“Sit down, now do sit down, my dear, and listen.”

He was suave, he was flattering, he was intimate, he was, coaxing. She was to leave everything to him. Of course, there was much to be done yet. She had a wonderful voice; it was finer than music. She had style as well; it was astonishing how she had come by it. Only a dresser, too—not even in the chorus. But stars were never turned out by Nature. She had many things to learn, and would have to be coached up carefully before she could be brought out. He had done it for others, though, and he could do it for her; and if——

Glory's eyes were shining and her heart was beating like a drum.

“Then you think that eventually—if I work hard—after years perhaps——”

“You can't do it on your own, my dear, so leave yourself in my hands entirely, and don't whisper a word about it yet.”

“Ah!” It was like a dream coming true; she could scarcely believe in it. The stage manager became still more suave and flattering and familiar. If she “caught on,” there was no knowing what he might not get for her—ten pounds a week—fifteen, twenty, twenty-five, even fifty perhaps.

Glory's palpitation was becoming painful, and at the bottom of her heart there was a certain fear of this sudden tide of fortune, as if Providence had somehow made a mistake and would as suddenly find it out. To appease her conscience she began to think of home and how happy she might make everybody there if God was really going to be so good to her. They should want for nothing; they should never know a poor day again.
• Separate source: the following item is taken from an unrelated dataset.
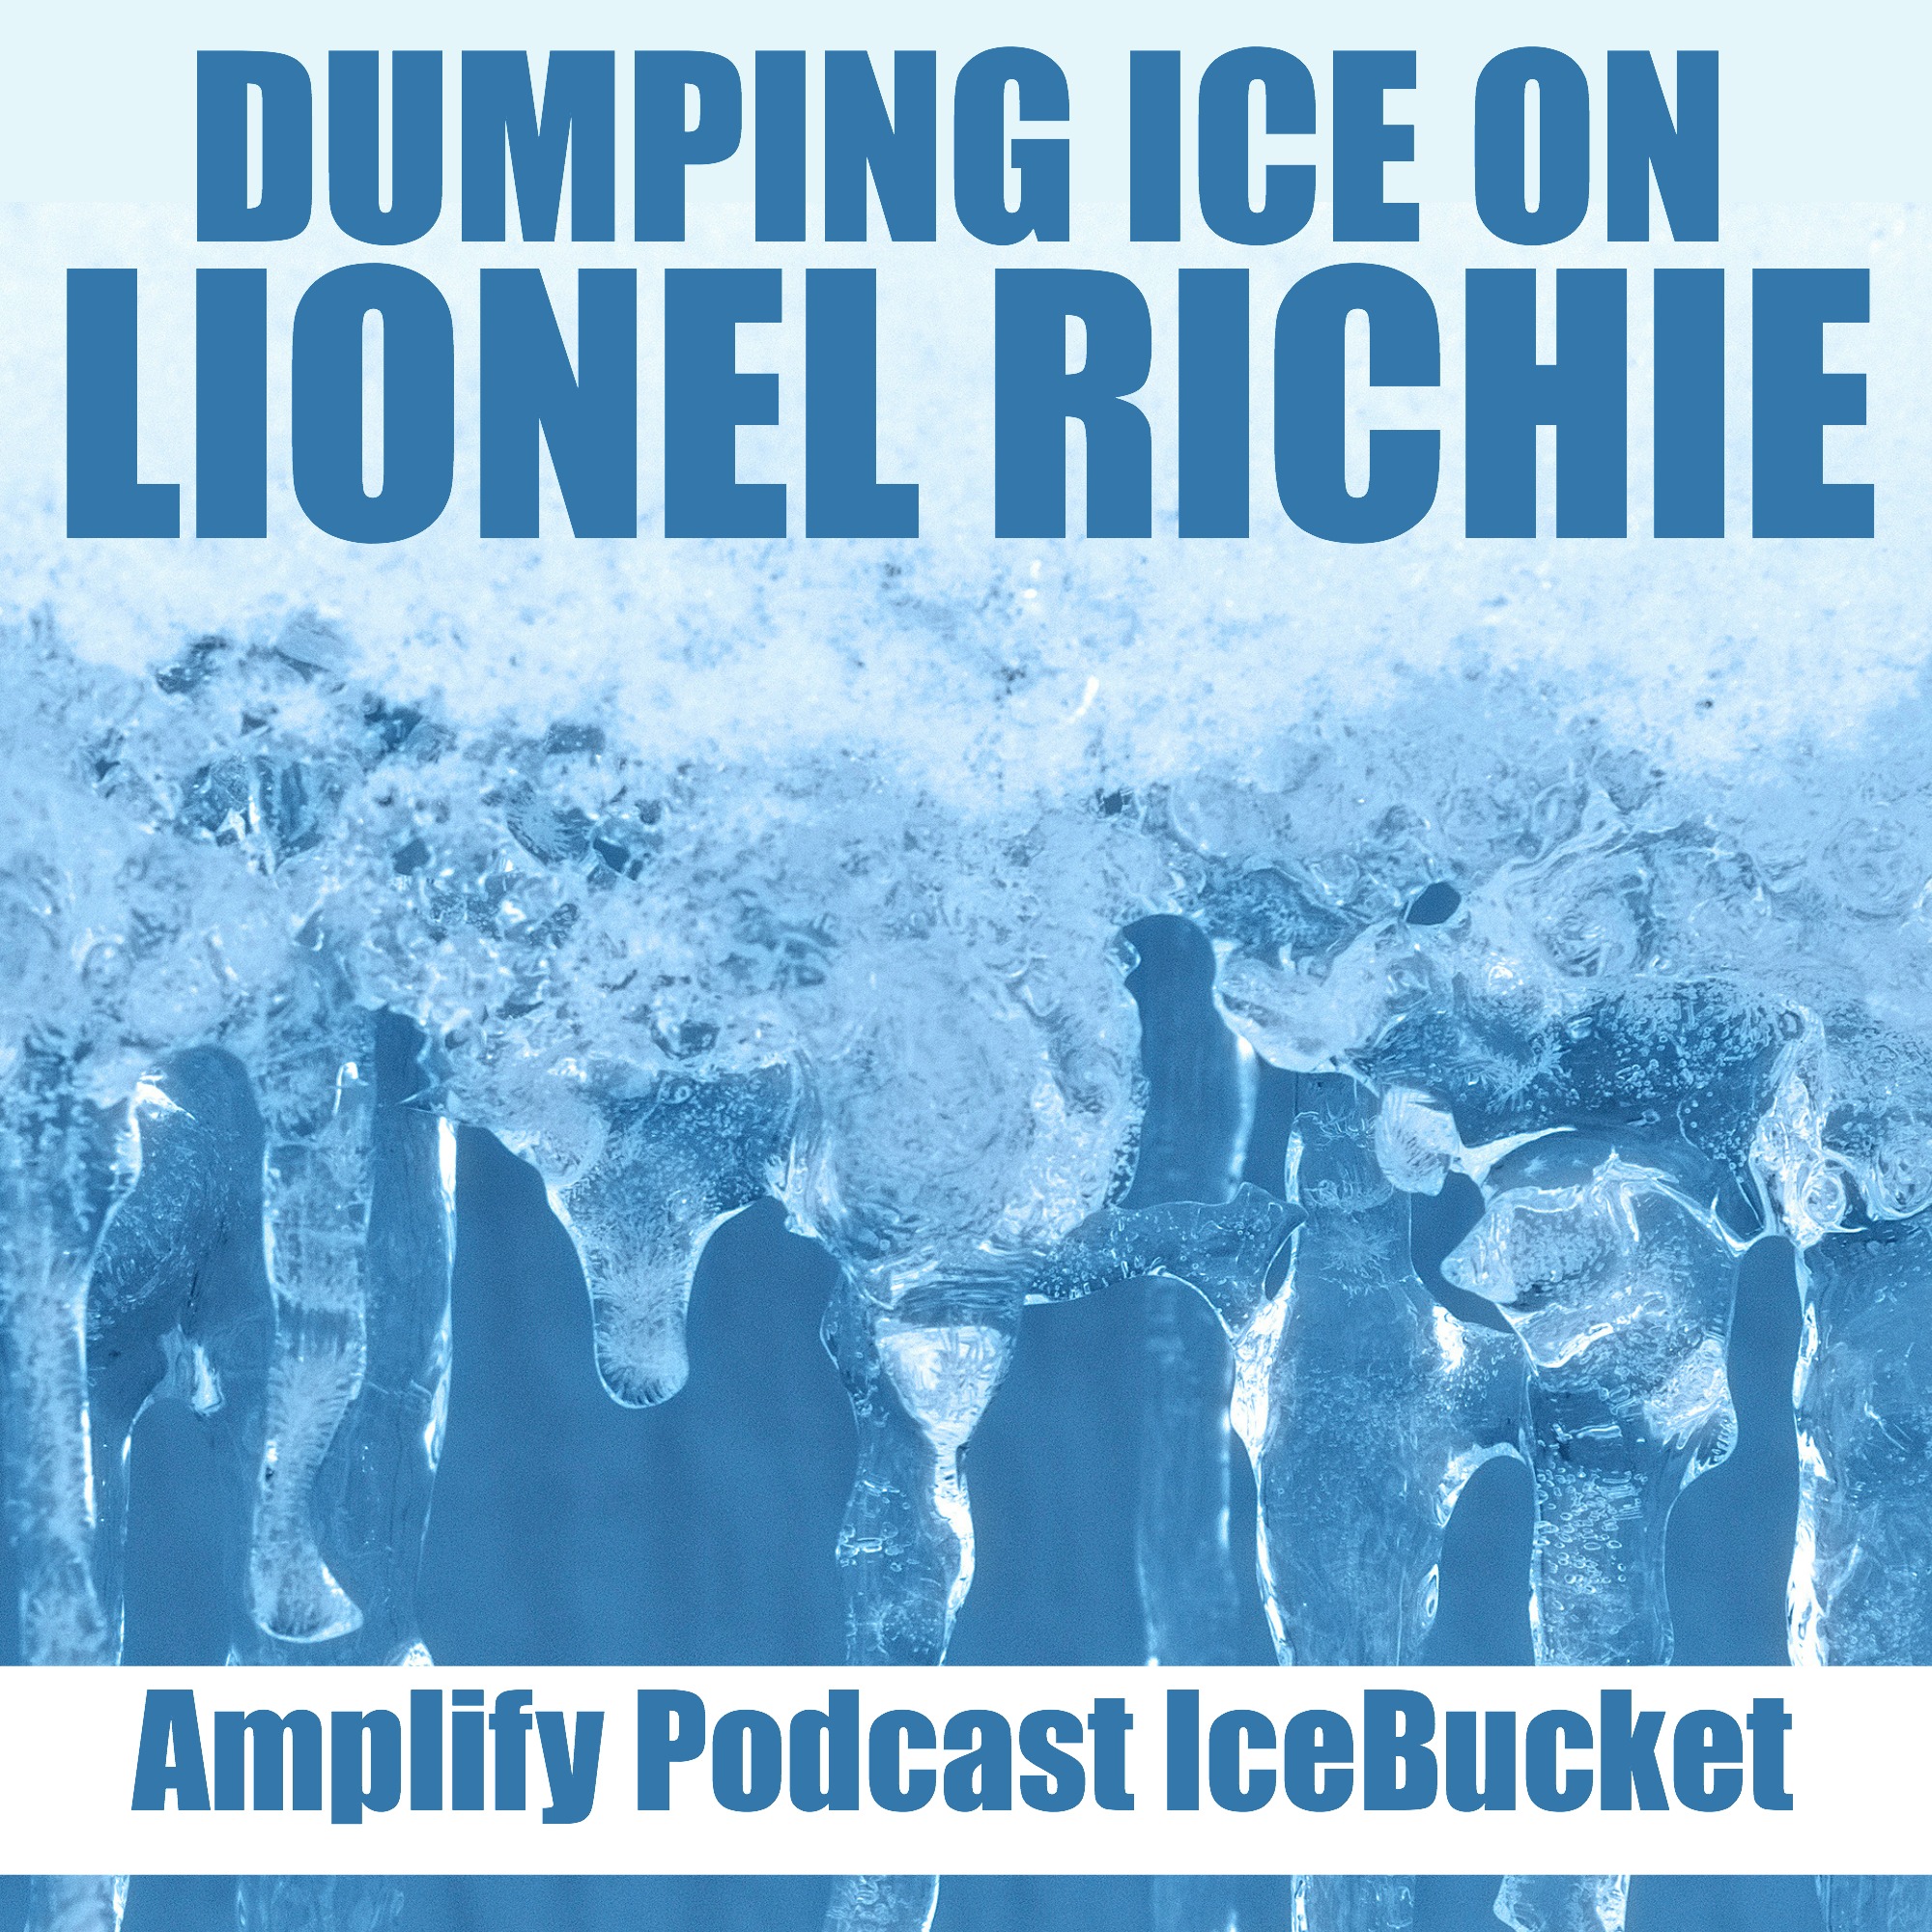 You are currently viewing Dumping Ice on Lionel Richie

Meantime the stage manager was painting another picture. A girl didn't go a-begging if he once took her up. There was S——. She was only an “auricomous” damsel, serving in a tobacconist's shop in the Haymarket when he first found her, and now where was she?

“Of course, I've no interest of my own to serve, my dear—none whatever. And there'll be lots of people to tempt you away from me when your name is made.”

Glory uttered some vehement protest, and then was lost in her dreams again.